The response must consist of the complete listing below, reproduced without alteration.
** Opening Input data block **
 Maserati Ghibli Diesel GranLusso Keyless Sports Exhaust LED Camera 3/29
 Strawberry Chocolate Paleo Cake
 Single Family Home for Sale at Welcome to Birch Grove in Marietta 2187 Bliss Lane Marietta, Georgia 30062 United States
** Closing Input data block **
Solution for this exercise ::
 Maserati Ghibli Diesel GranLusso Keyless Sports Exhaust LED Camera 3/29
 Strawberry Chocolate Paleo Cake
 Single Family Home for Sale at Welcome to Birch Grove in Marietta 2187 Bliss Lane Marietta, Georgia 30062 United States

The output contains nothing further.